The following formula (1),
(1)
[In Formula (1), R ¹ may be the same or different, and may be a linear or branched alkyl group which may have a substituent, an aryl group which may have a substituent, or An aralkyl group which may have a substituent, A is a segment derived from a polycyclic aromatic compound composed of a carbon skeleton or a segment derived from a heterocyclic aromatic compound containing a hetero atom. ]
A conjugated polymer compound comprising a monomer segment represented by The monomer segment is represented by the following formula (2),
(2)
[In Formula (2), R ¹ is as defined above, and R ² is a linear or branched alkyl group which may have a substituent, and an aralkyl which may have a substituent. A group, an aryl group which may have a substituent, or a heteroaryl group which may have a substituent. ]
Or the following formula (3),
(3)
[In Formula (3), R ¹ is as defined above, and R ³ may be the same or different and may have a linear or branched alkyl group or substituent. An aralkyl group which may have a substituent, an aryl group which may have a substituent, or a heteroaryl group which may have a substituent. ]
The conjugated polymer compound according to claim 1, which is a monomer segment represented by the formula: A photoelectric conversion element comprising the conjugated polymer compound according to claim 1. The organic thin-film solar cell containing the photoelectric conversion element of Claim 3. Following formula (4),
(4)
[In the formula (4), R ¹ is as defined above, and X is fluorine, chlorine, bromine or iodine. ]
A halogenated thienopyrazine derivative monomer;
Following formula (5),
[In Formula (5), A is a segment derived from a polycyclic aromatic compound comprising a carbon skeleton, or a segment derived from a heterocyclic aromatic compound containing a hetero atom, and R ⁴ is boronic acid or an ester thereof. Is a residue from ]

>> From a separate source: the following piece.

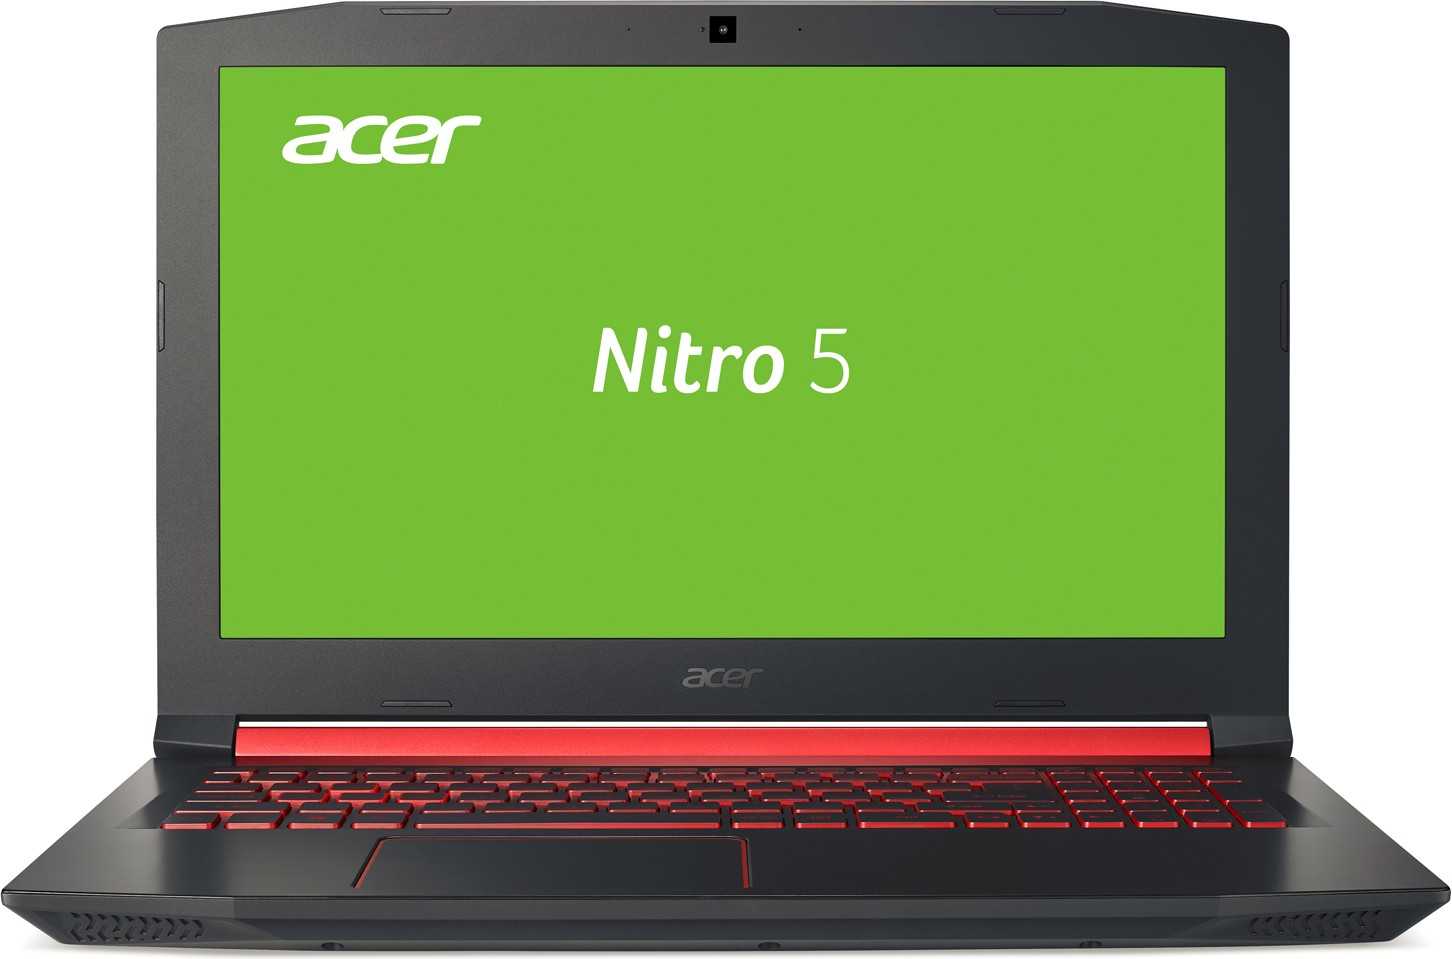 Ноутбук Acer Nitro 5 AN515-51-50H2 (NHQ2QEU002) - подробные характеристики обзоры видео фото Цены в интернет-магазинах где можно купить ноутбук Acer Nitro 5 AN515-51-50H2 (NHQ2QEU002)

A method for producing a conjugated polymer compound comprising subjecting a monomer represented by formula (I) to a Suzuki polymerization reaction in a reaction solvent in the presence of a palladium catalyst and an organic phosphorus compound. Following formula (6),
(6)
[In formula (6), R ¹ has the same meaning as described above. ]
A dithienylthienopyrazine derivative having a sulfanyl group represented by: Following formula (7),
(7)
[In Formula (7), R ⁵ may be the same or different and is a halogen atom, a sulfonate group, a tosyl group, a mesyl group or a nitro group. ]
A dithienylthienopyrazine derivative represented by:
Following formula (8),
[In formula (8), R ¹ has the same meaning as described above. ]
The method for producing a dithienylthienopyrazine derivative having a sulfanyl group according to claim 6, wherein the thiol compound represented by the formula is reacted in a reaction solvent in the presence of a base.